“I just saw a big snapping turtle pull another baby mallard underwater on the pond in my backyard!” 

These were the first desperate words I heard after answering the phone at the nature center I worked at for many years. 

Without pausing for a breath the distraught caller went on, “Oh what can I do?! There were originally 9 ducklings in the bunch and it seems that every few days another one disappears. And now another one is killed! Only three remaining!”

I paused before responding. I knew she was looking for sympathy and a solution to put a halt to the murders, but I was going to try a different route.

“As hard as that is to watch,” I told her, “you are lucky to witness a predator catch its prey. And did you say there are three left?”

She exhaled a sad, drawn out “Yes.”

“Wow,” I exclaimed, “that’s terrific!” There was silence on the other end but I could almost hear the puzzled look of horror.

I continued, “Let’s assume the three remaining continue to mature and live for a year. One will replace its mother and one will replace its father and that means there is one extra, a fifty percent increase in the family population.” I was on a roll. “That’s fantastic! To experience a fifty percent growth rate is very rare.”

I gave her room to respond. And after a moment I heard a softer toned, “Really?”

“Absolutely. Most baby animals are born to be food. Like it or not the future of predators depends on the death of their prey.”

Another pause before she responded, “So if I heard you correctly, if the remaining three ducklings survive that will be unusual and considered a success for the population of mallards?”

“Yes.”

“Well thanks for your information. But I still don’t like to watch baby ducks die.”

It is a common survival strategy for a particular species to have large numbers of offspring. Generally the greater number of eggs or young indicate their vulnerability to high losses through predation, bad weather, food shortages and so on.

A wild female monarch butterfly will lay 100 to 300 eggs in her life with a survival rate of 2-10% living to maturity. For the sake of example, let’s say the monarch that is flitting around laying her eggs here and there on the milkweed leaves lays a total of 100 eggs. (Incidentally, everyone should have a milkweed patch.) That means we can expect anywhere from 2 to 10 mature butterflies will survive to maturity from her output of 100 eggs.

Consider a bluegill sunfish. In the Upper Midwest a mature female might lay 6,000 – 18,000 eggs in one or more nests. Sometimes none of those eggs survive but usually enough reach breeding age. This allows more human kid-predators a chance to learn the joys of watching the jiggle of a bobber and catching fish. 

Humans, those irascible critters that continue to foul their own nests by denigrating the very natural systems that assure their survival, do not bear large litters. However, like other animals that bear one to three young, such as deer, bear, whales, eagles and albatrosses, the chances of their young reaching maturity is much higher. With few young to care for, more attention and resources can be offered for their survival. 

Last week, while hunting wild turkeys, I stepped quietly into the woods to begin calling. I paused and in that moment of stillness, a hen turkey exploded only a few feet from me.

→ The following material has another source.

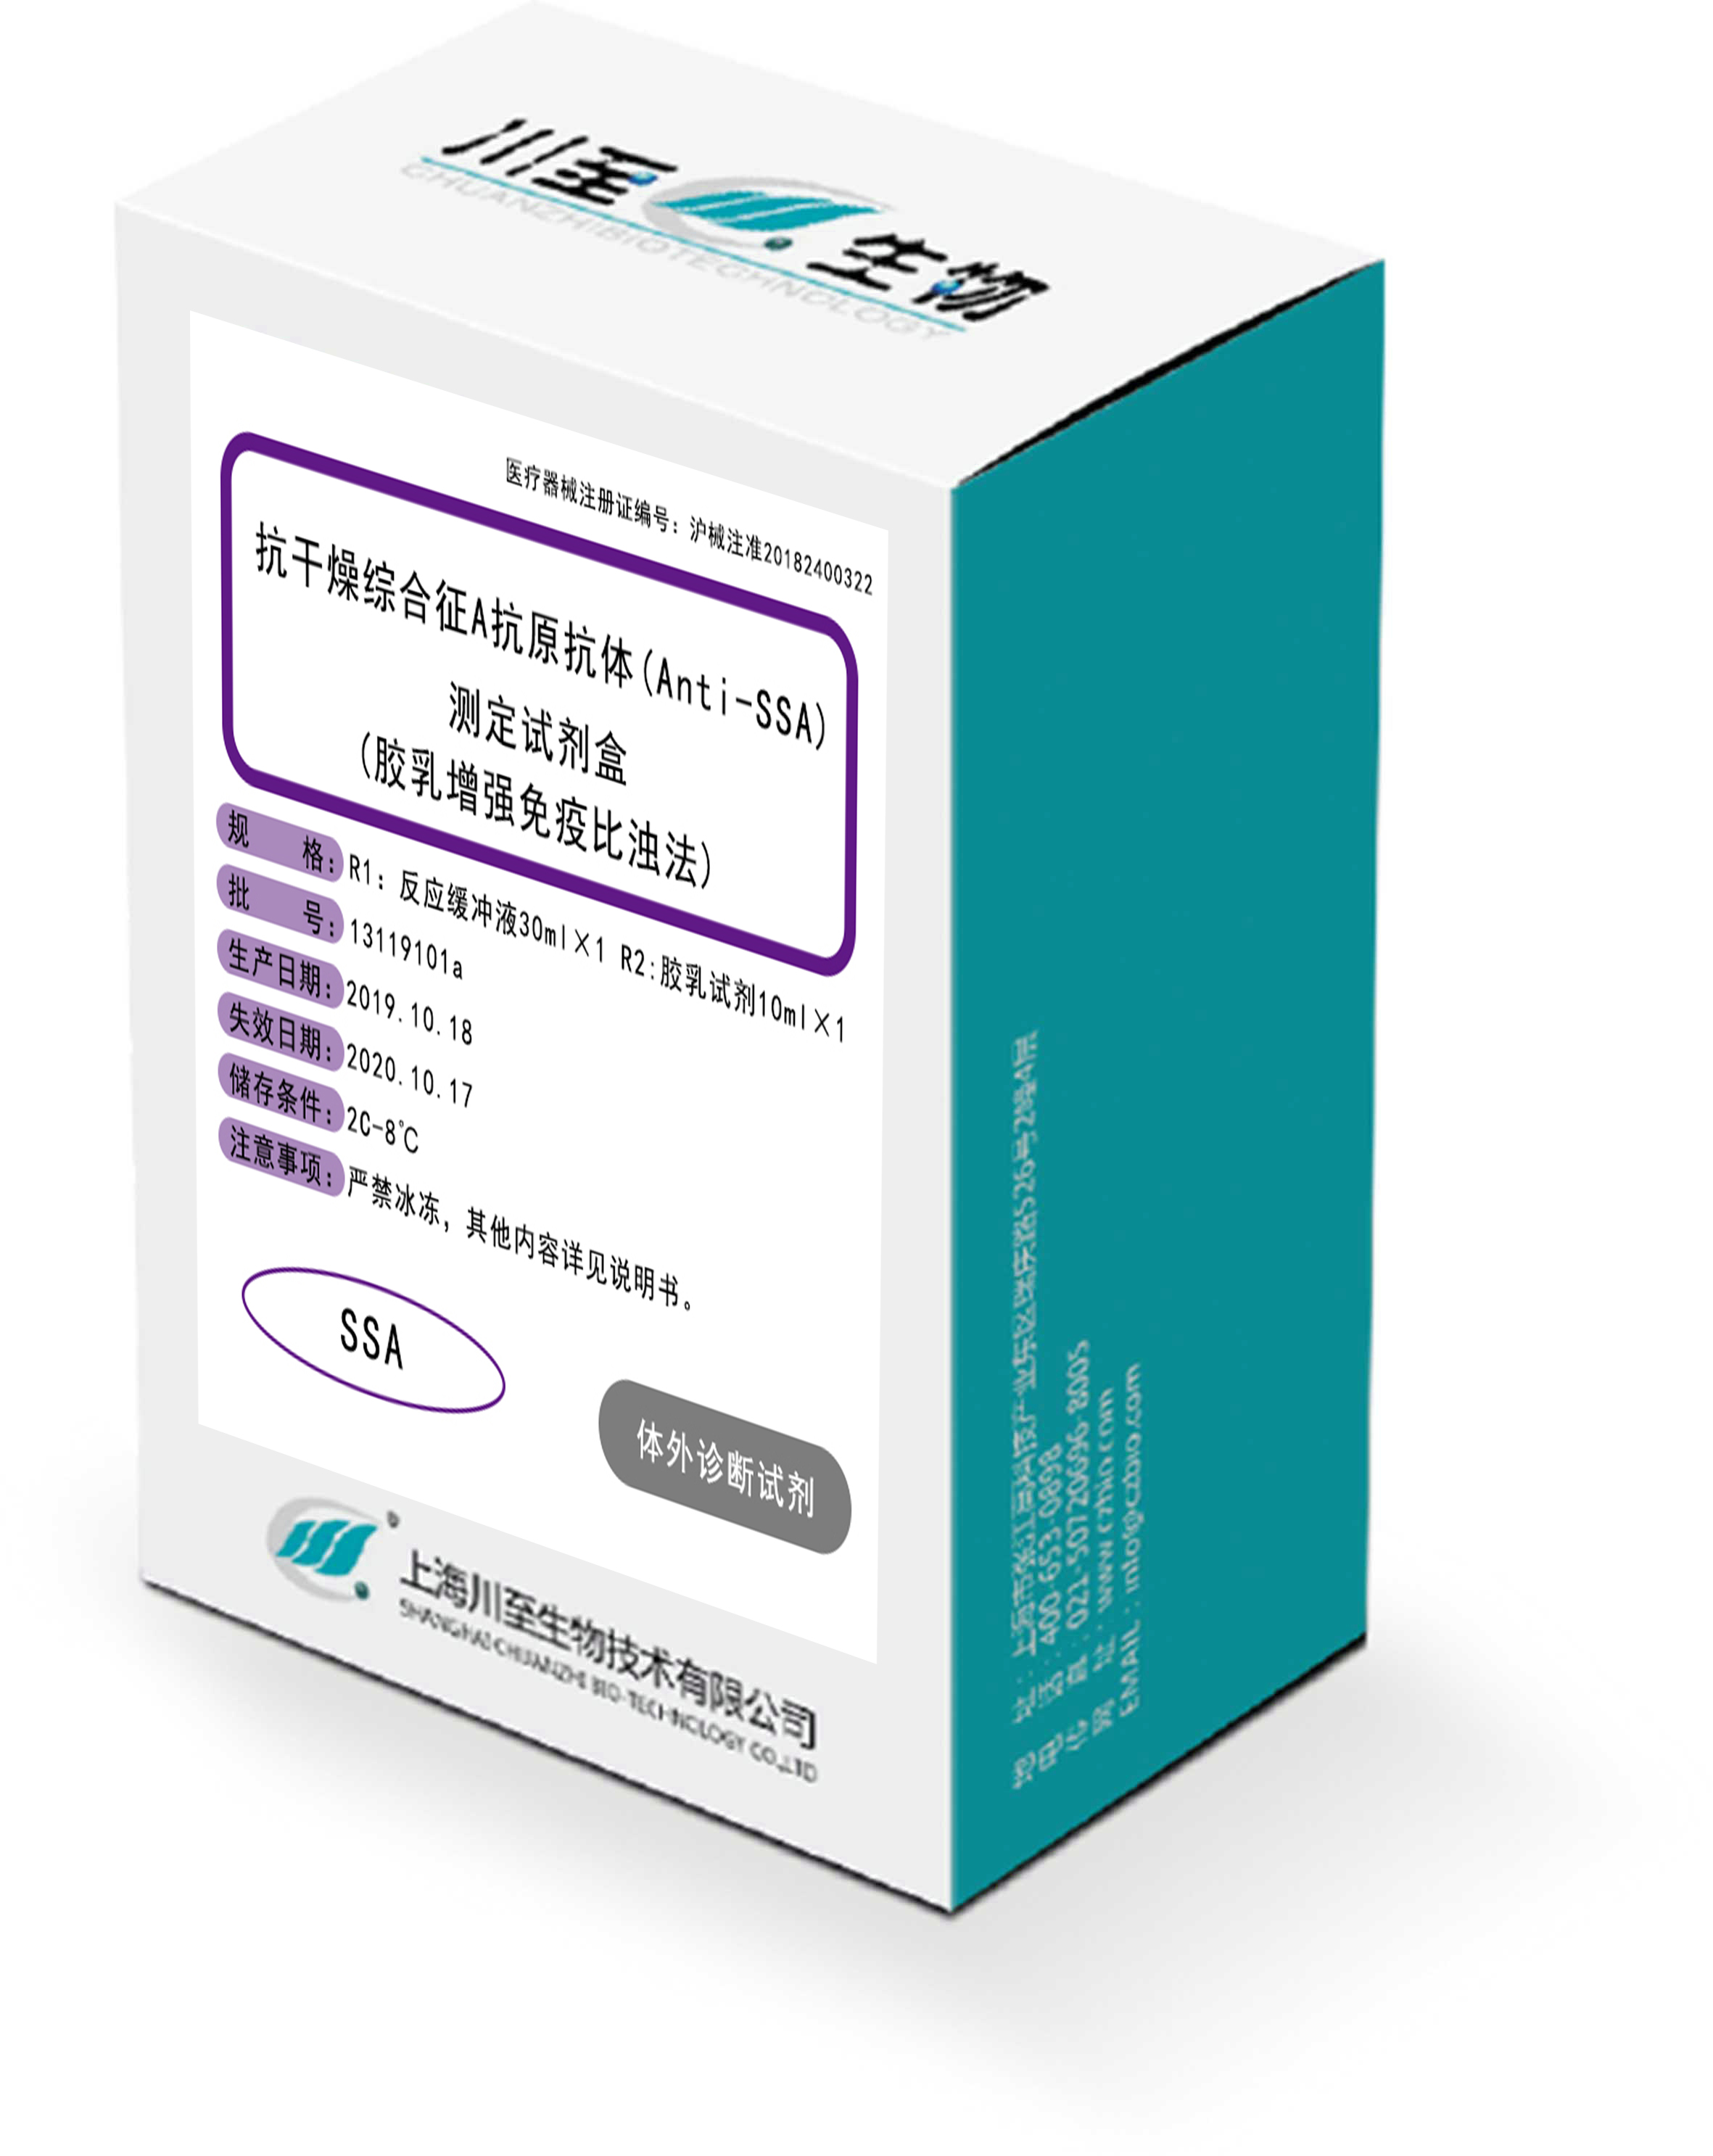 抗干燥綜合征A抗原抗體（Anti-SSA）測定試劑盒

My stopping had flushed her off her nest. In her haste she had kicked one of the eggs out of the nest so I leaned down and tucked it among the others. I counted 15 eggs. I have never seen a turkey nest with this many eggs; though they average a dozen eggs per clutch.

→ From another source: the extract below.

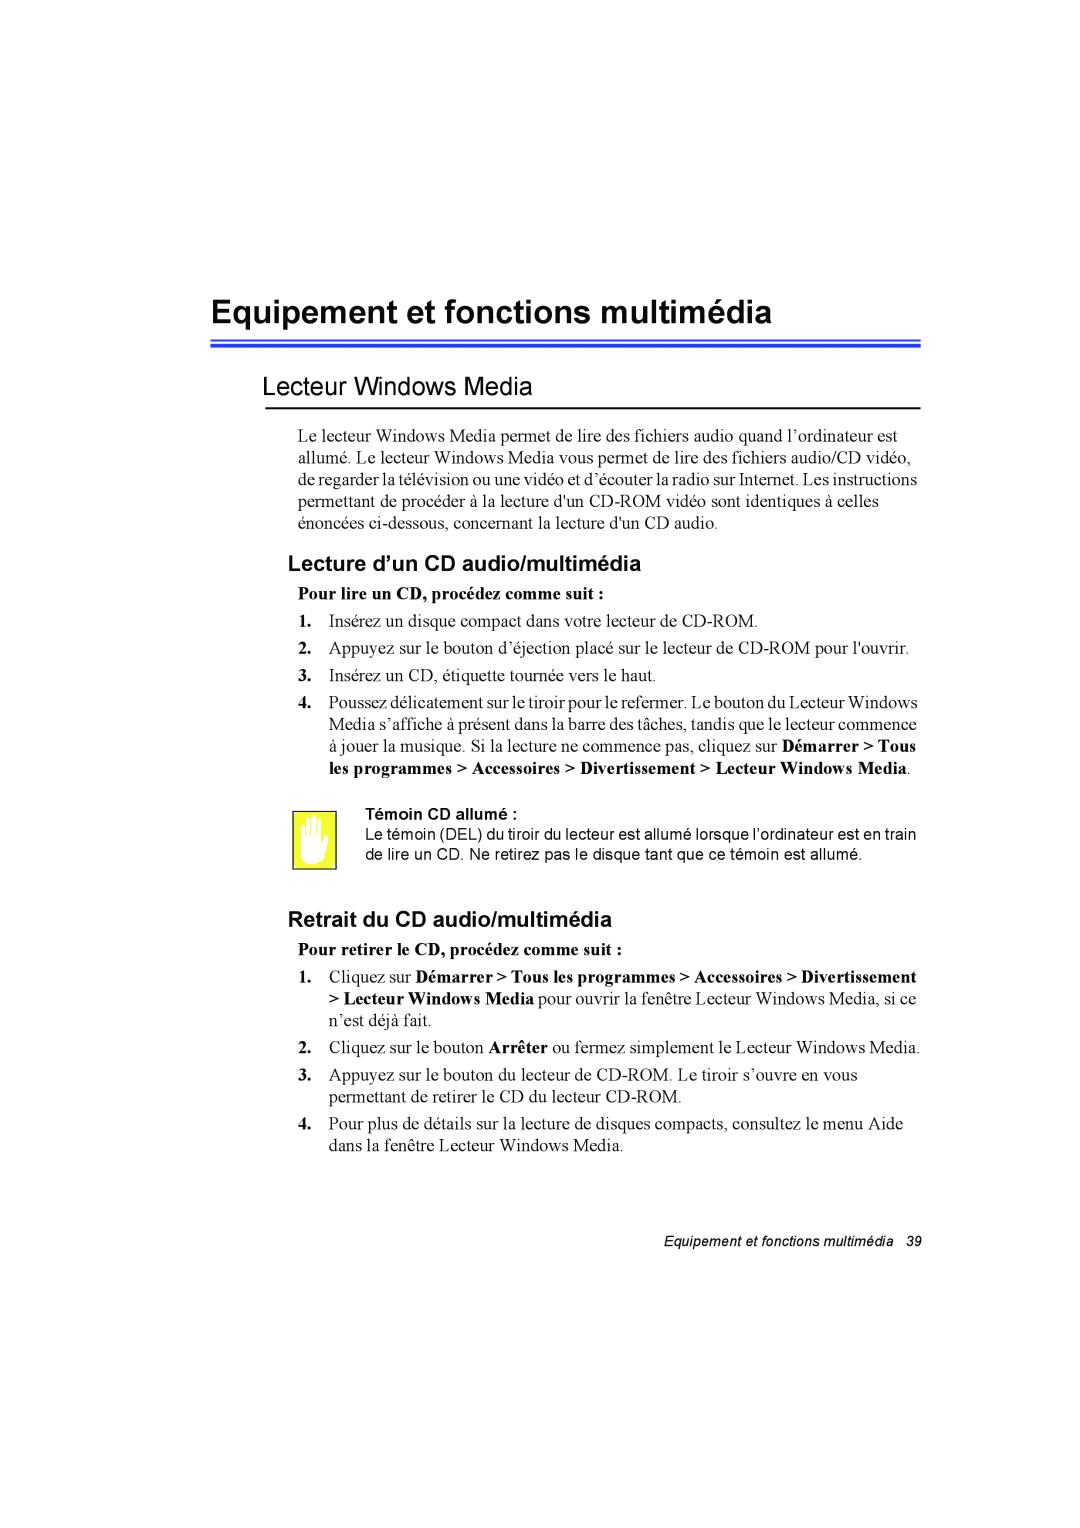 Samsung NP10FP018N/SEF manual Equipement et fonctions multimédia, Lecteur Windows Media, Lecture d’un CD audio/multimédia 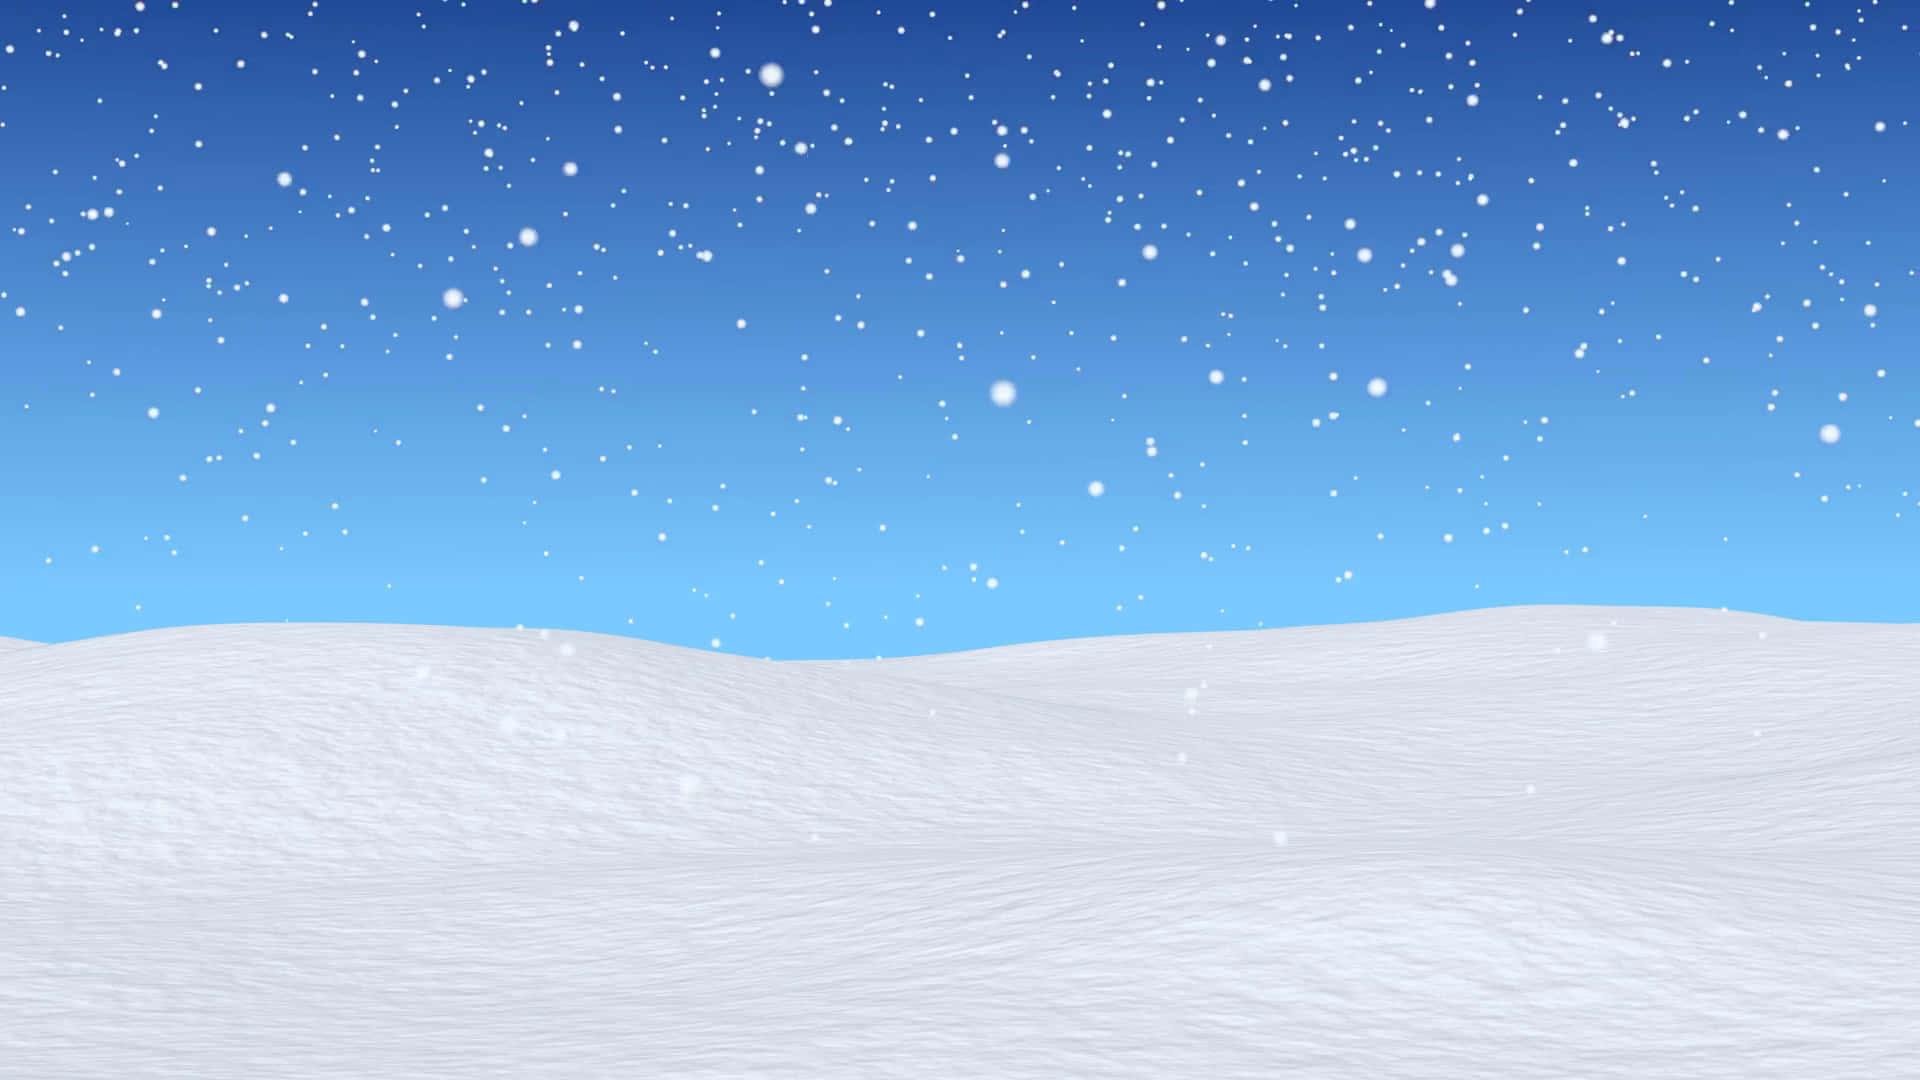 "Serene Snowy Backdrop"

Now some of you might gasp because I touched the egg. As youngsters many of us learned “Never touch a birds egg or it might abandon the nest.” While that is good advice, it has nothing to do with your scent on the egg.  Birds are not going to abandon if you touch the egg, but some birds, such as loons might abandon their nest just because the nesting site has been disturbed. 

Quietly, I left the nest site. In a few minutes I heard an out-of-sight hen giving an alarm call. I suspect this was the mother of the eggs that I had just left. 

And like a snapping turtle, I moved with stealth looking for the father of some of those eggs.